Econ 57 Fall 2000 Midterm (75 minutes)

Answer all 10 questions; you have exactly 75 minutes.
ALWAYS explain your reasoning

1. Researchers counted the number of pages of bankruptcy-lawyer ads in the Yellow Pages of 7 cities that had a large per capita rate of personal bankruptcy filings and in 5 cities that had low rates. There were an average of 9.6 pages in the high-bankruptcy cities and only 3.8 pages in the low-bankruptcy cities, suggesting that bankruptcy-lawyer ads are responsible for the variations in the number of personal bankruptcy filings. Why should we interpret these results cautiously?

2. In 2000, Sandbox.com offered a $10 million prize to anyone who could correctly pick the winners of all 63 NCAA Tournament basketball games. If, in each game, one team has a 2/3 chance of winning and the other team has a 1/3 chance, and you always pick the team with the better chance, what is your probability of winning the $10 million prize?

3. William is running out of time on a multiple-choice exam. There are 20 questions left, each with 5 possible answers. He quickly marks down 20 answers, without even reading the questions. What is the probability that he will get more than half of these questions correct?

4. (continuation) Is William more likely to get (a) more than 5 questions right if he guesses the answers to 10 questions, or (b) more than 10 questions right if he guesses the answers to 20 questions? You must use logic, not calculations, to answer this question.

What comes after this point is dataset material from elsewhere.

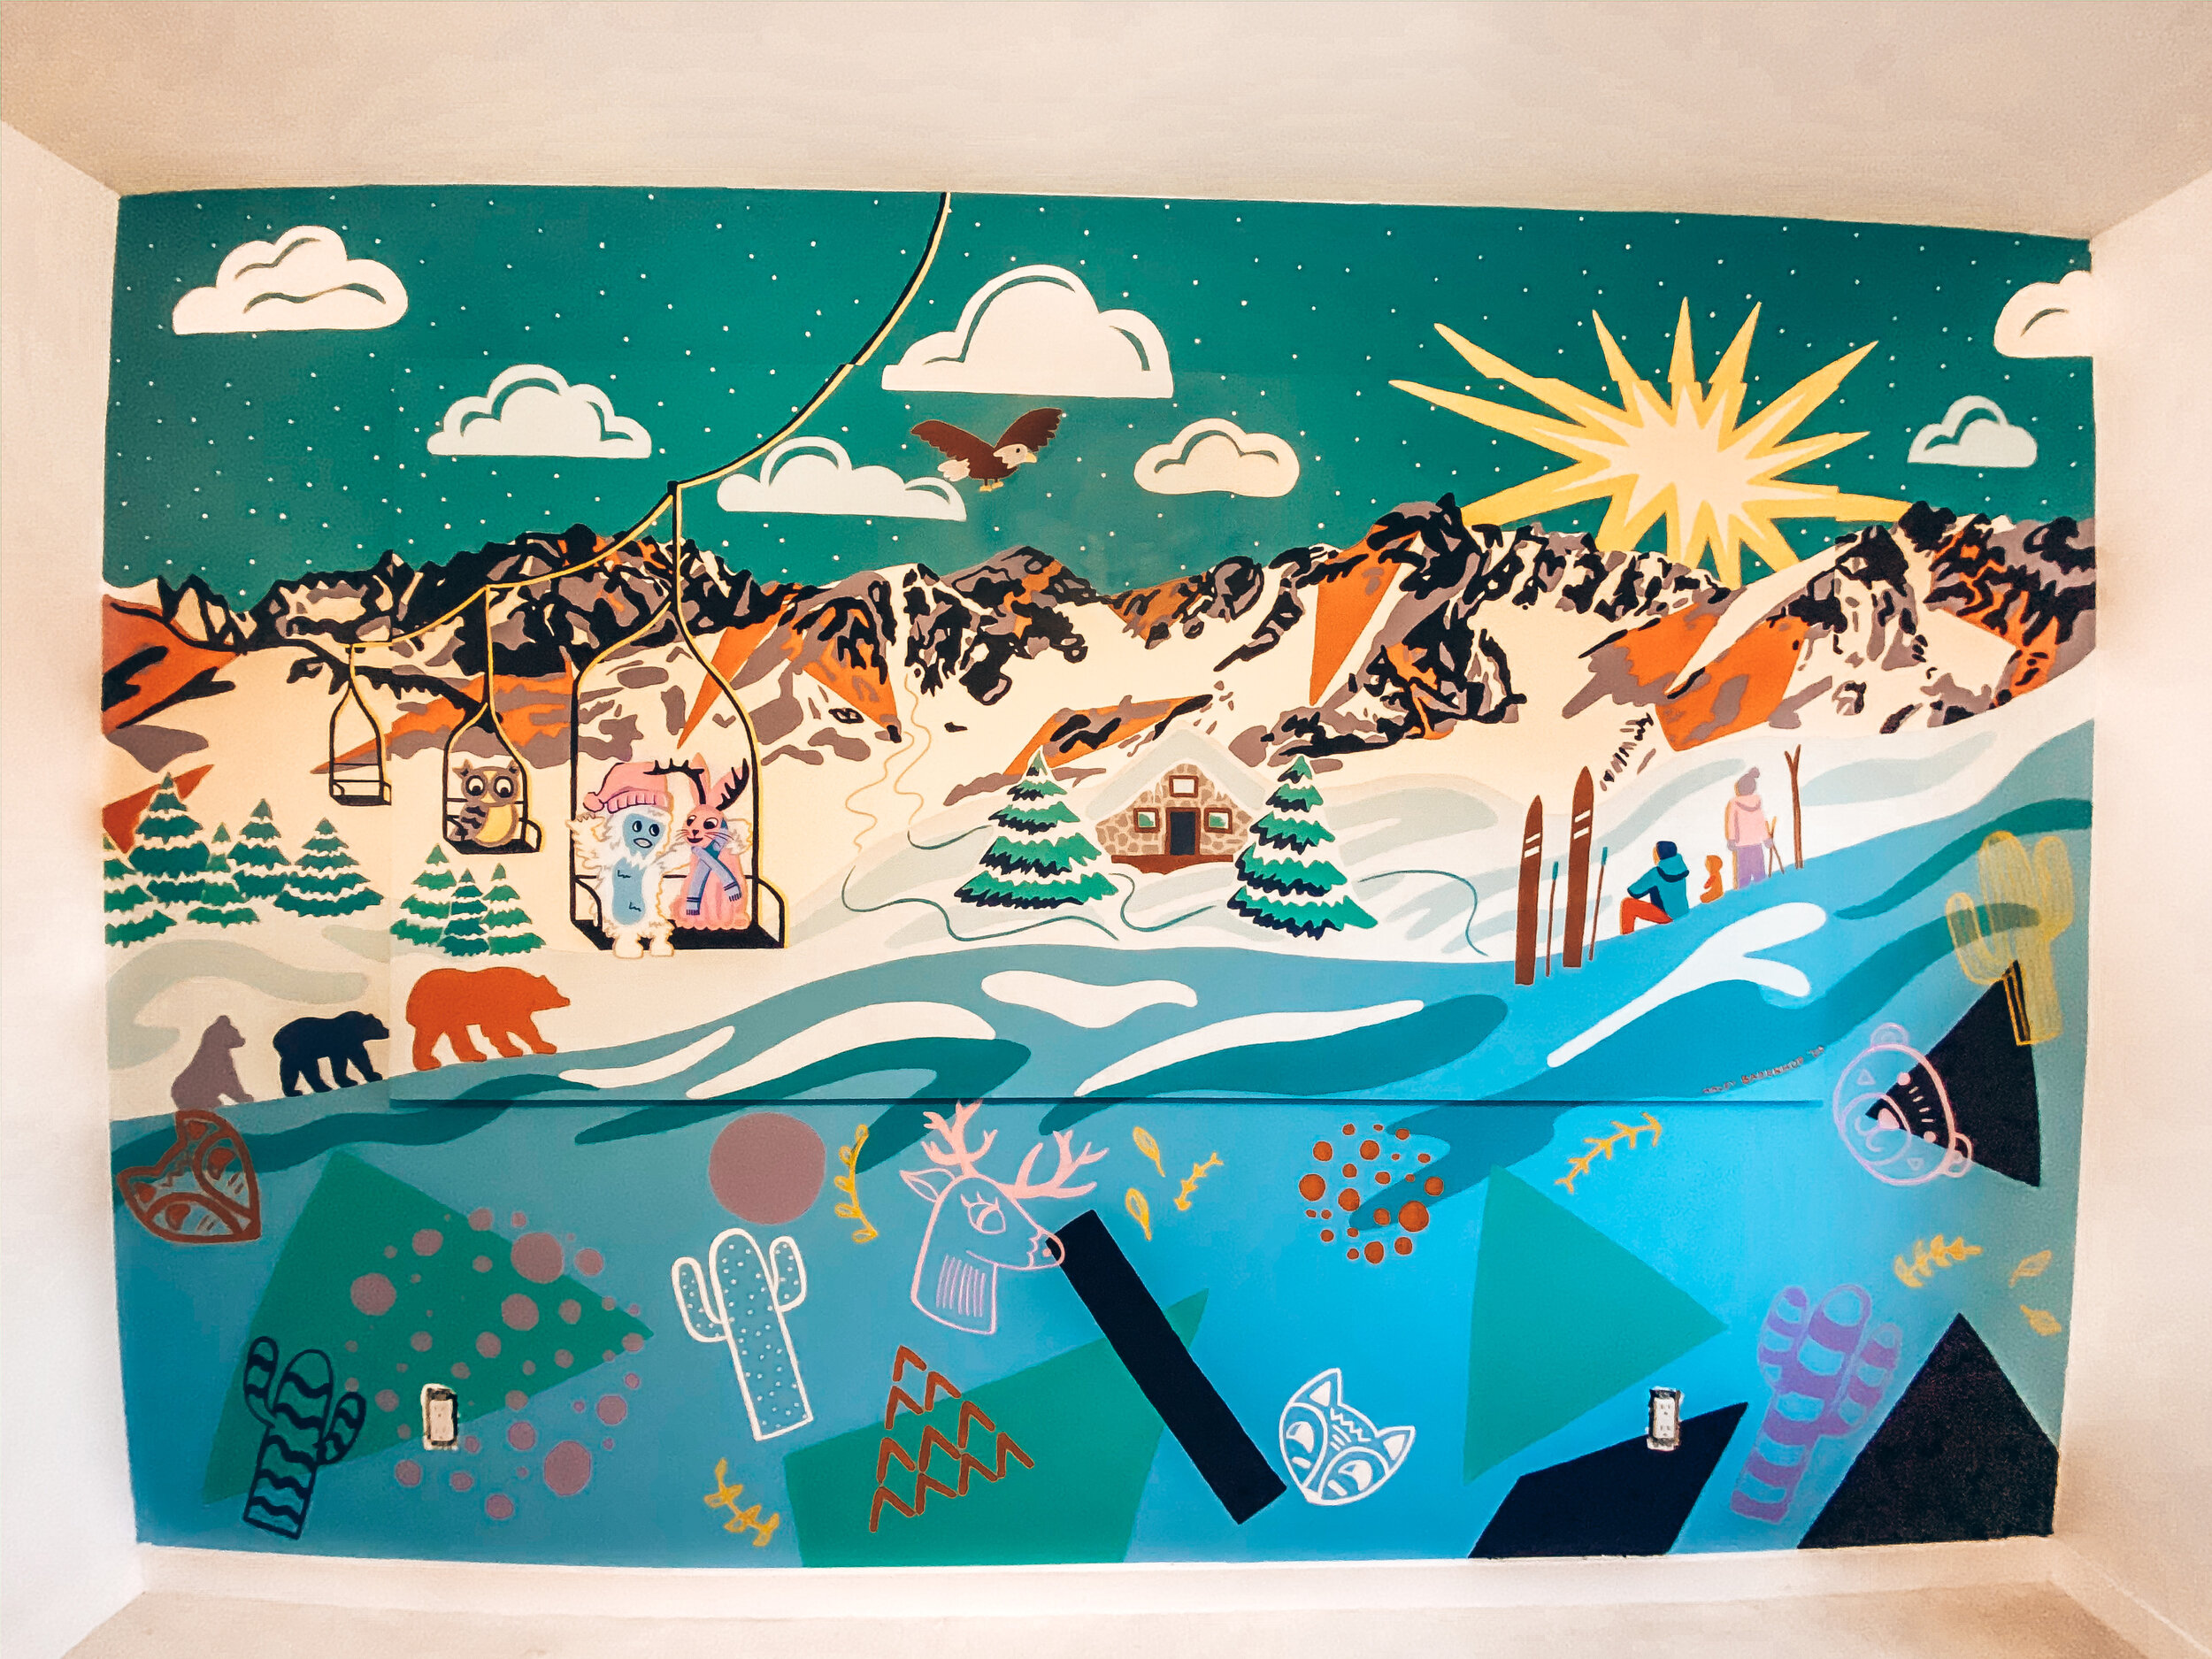 A-mural-depicting-snowy-mountains-and-a-ski-lift-in-bold-shapes-and-colors-is-painted-a masonite-board-attached-on-a-wall.

5. One out of 1000 people have a certain disease. If a person has this disease, a test will give a positive result 90% of the time; if a person does not have the disease, the test will give a negative result 90% of the time. If a person tests positive in two independent tests, what is the probability that this person has the disease?

6. Defendants awaiting trial are often allowed to leave jail if they leave a cash amount (a "bond") that is forfeited if they do not return for their trial. Bail bondsmen put up the requisite cash in return for a payment from the defendant. For example, a bail bondsman might put up a $10,000 bond after the defendant pays the bondsman $1,000, which the bondsman keeps whether or not the defendant returns for trial. In this example, for what values of P, the probability that the defendant will disappear (causing the bondsman to lose the $10,000 bond), is the expected value of the bondsman's profit greater than 0?

7. In his 1868 work, Carl Wunderlich concluded that temperatures above 100.4 degrees Fahrenheit should be considered feverish. In a 1992 study, Maryland researchers suggested that 99.9 degrees Fahrenheit was a more appropriate cutoff. If the oral temperatures of healthy humans are normally distributed with a mean of 98.23 and a standard deviation of 0.67, what fraction of these readings are above 100.4? Above 99.9?

8. In one carnival game, three balls are tossed into a tic-tac-toe arrangement of nine slots. The slots are surrounded by a fence, so that each ball lands in a slot; only one ball fits in each slot. If the balls land randomly, what are the chances of a tic-tac-toe (three balls in a row horizontally, vertically, or diagonally?

9. On March 4, 1996, a major California newspaper, The Sun, asked its readers the following question: "Do you think the English-only law should be enforced in California?" Of the 2,674 persons who mailed in responses, 94 percent said yes. Why might this newspaper's readers be a very biased sample of the opinions of California residents?

10. A researcher recorded annual precipitation in Rhode Island for 100 years, 1898-1987. What is wrong with this histogram? (Density is the rainfall for each year divided by the total rainfall for all 100 years.)